At a detailed level, none of these reforms, including the LUWP, offer a coherent approach to how to coordinate and resolve conflicts between regional and local institutions (for example, city-region mayors; devolved governments in Scotland and Wales) and the centre. That is remarkable given the recent experience of managing Covid-19, where disputes regularly erupted between the Westminster Government and the Scottish and Welsh First Ministers, as well as city-region mayors in England. English local government (like the devolved institutions) has no recognised status within a written constitution. These organisations can be restructured or even abolished at Westminster’s behest. There is no formal requirement to regularly consult LAs, nor are there any established conflict resolution mechanisms. The issue of overlapping jurisdictions remains unaddressed and meaningful devolution both of resources and accountability still appears far away. Important questions remain unanswered: how will devolution apply in two-tier counties where powers are divided between county councils and lower-tier districts?  How will smaller regions without major cities address pervasive socio-economic inequalities? And what mechanisms exist to resolve conflicts between regional and local actors, and the centre?
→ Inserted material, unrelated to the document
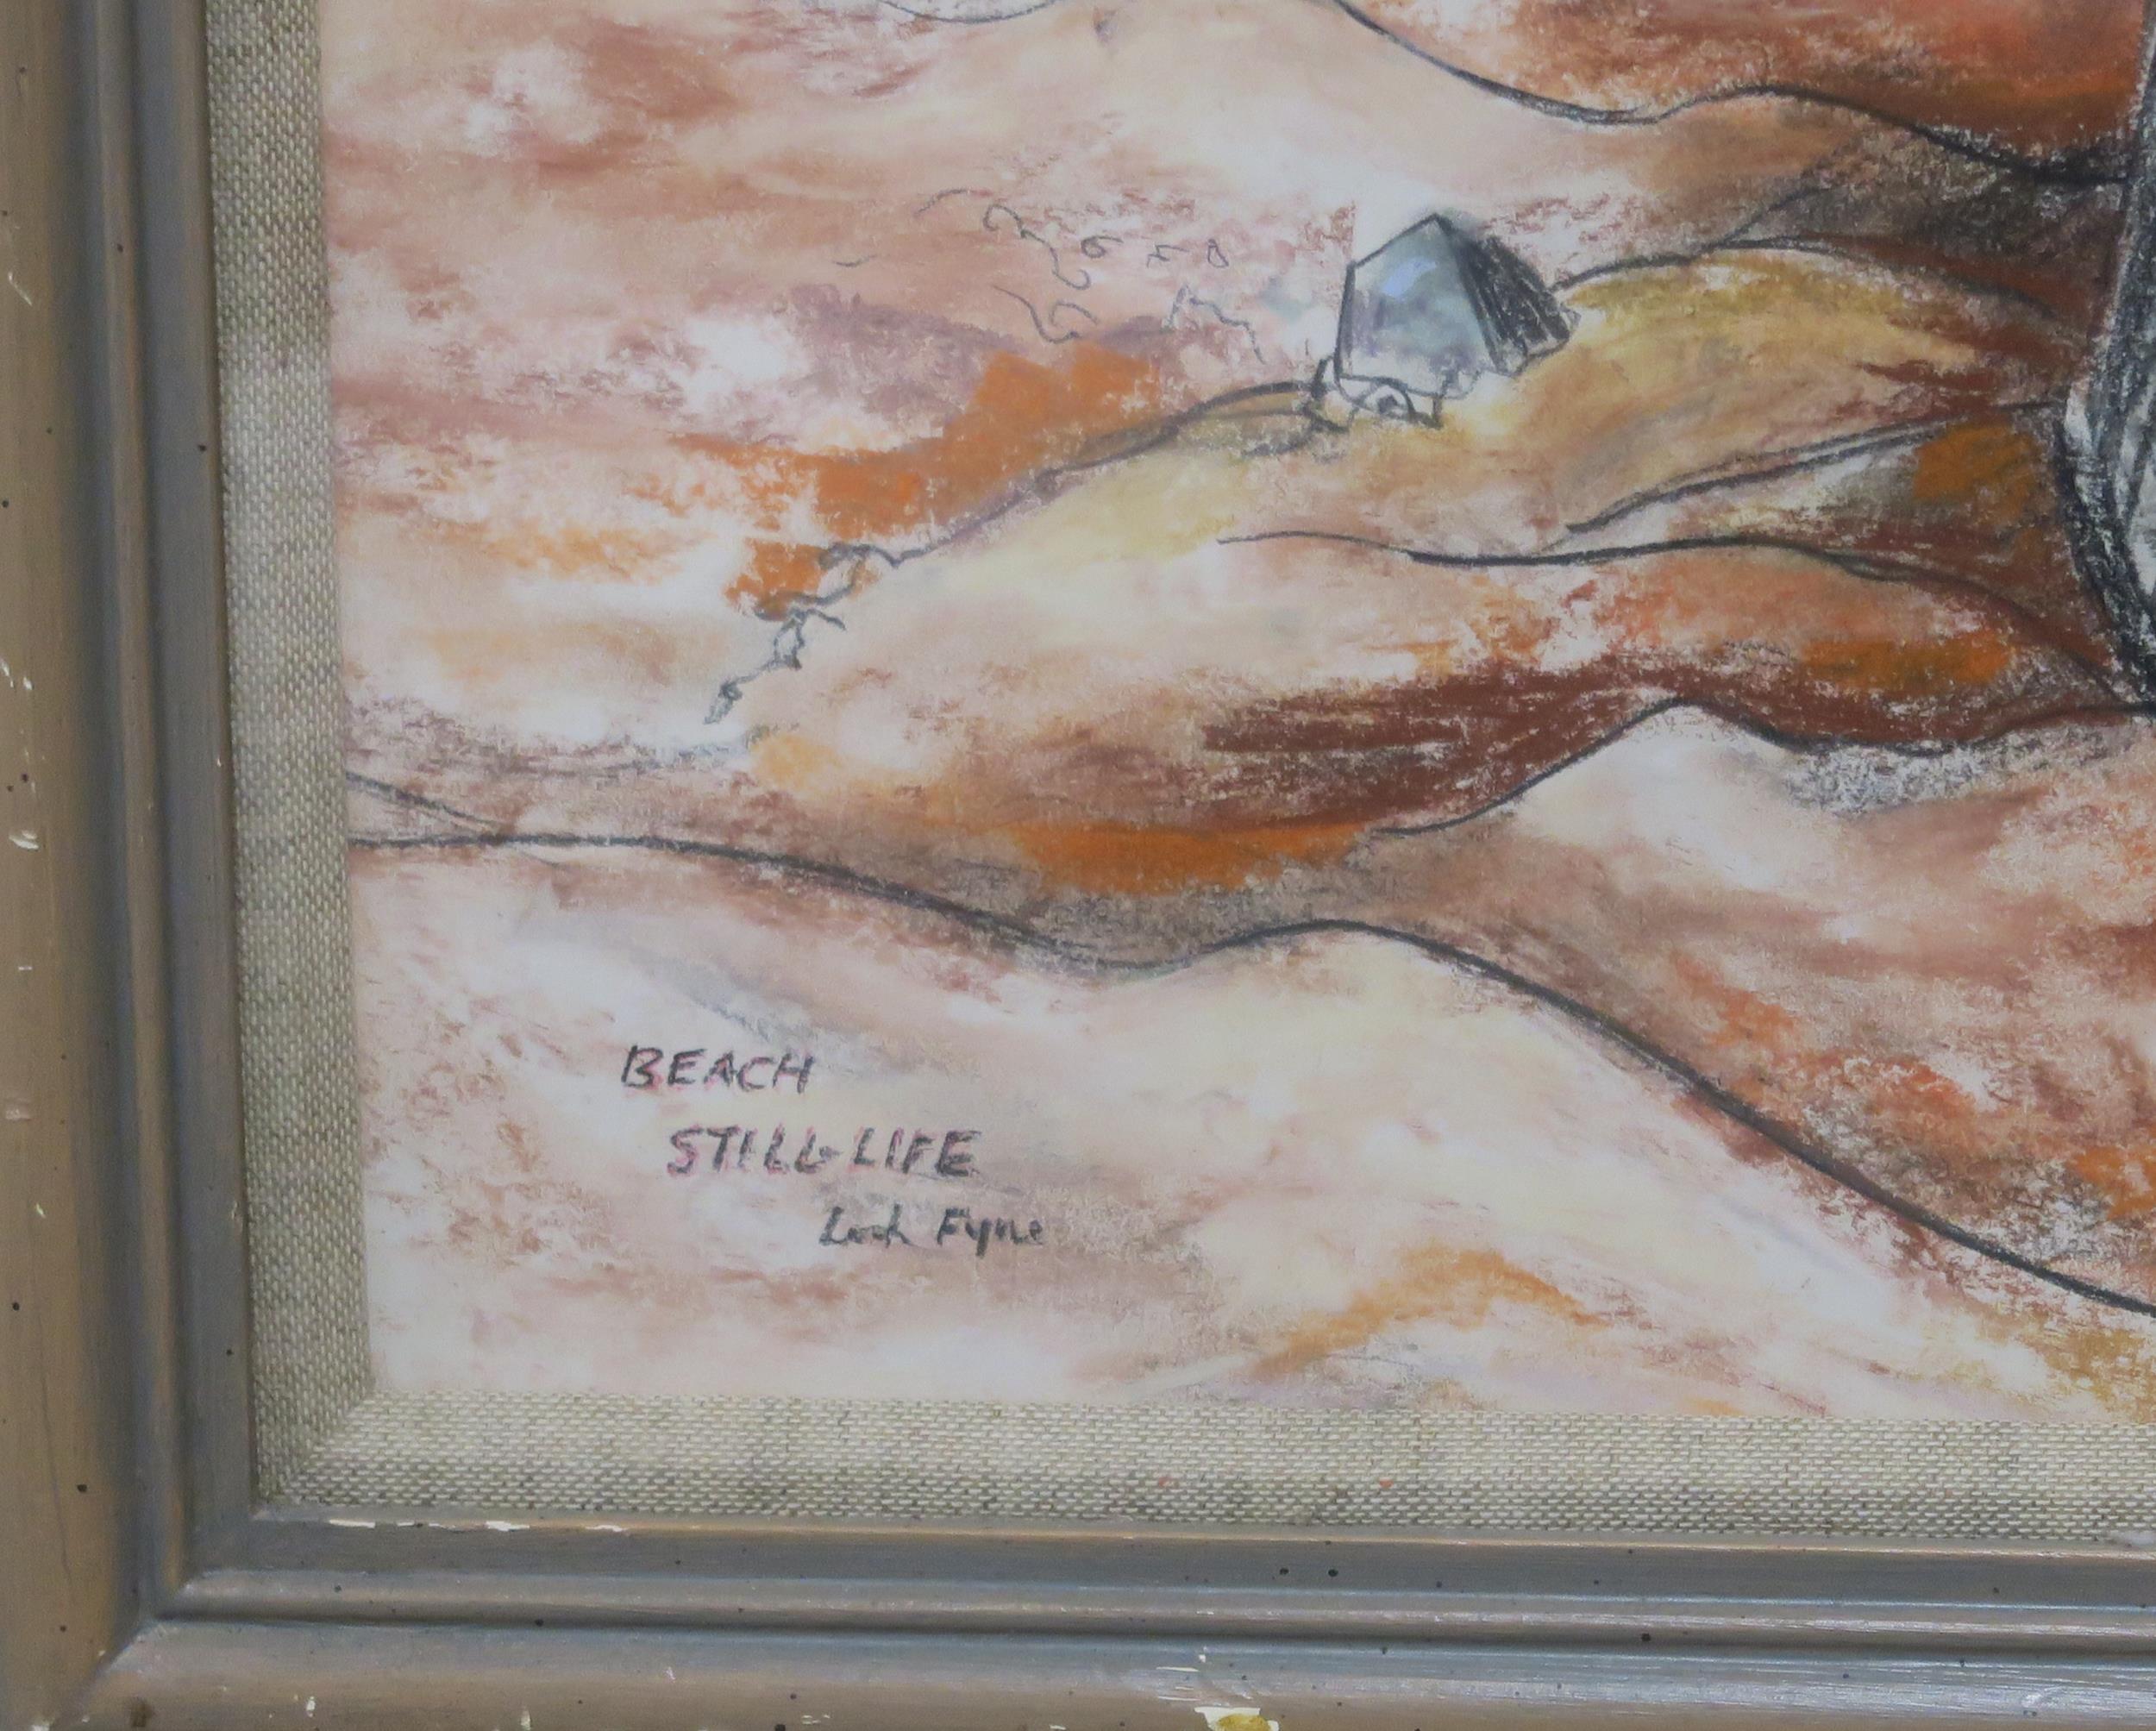 LOUISE GIBSON ANNAND MBE (1915-2012) STILL LIFE ON BEACH, LOCH FYNE Conte and pastel, signed lower - Image 4 of 4

For funding to focus on these different tiers of government, there is a need for a more comprehensive and consistent framework on the functions and remits of different layers of government, so that these institutions are able to work together, rather than continually jostling for funding, and in some cases for their ongoing existence. This is prime example of why the problems with the funding system need to be considered alongside the wider problems with the UK’s multi-level governance structures. There is an imperative to create a more decentralised and coherent system capable of ensuring longer-term stability.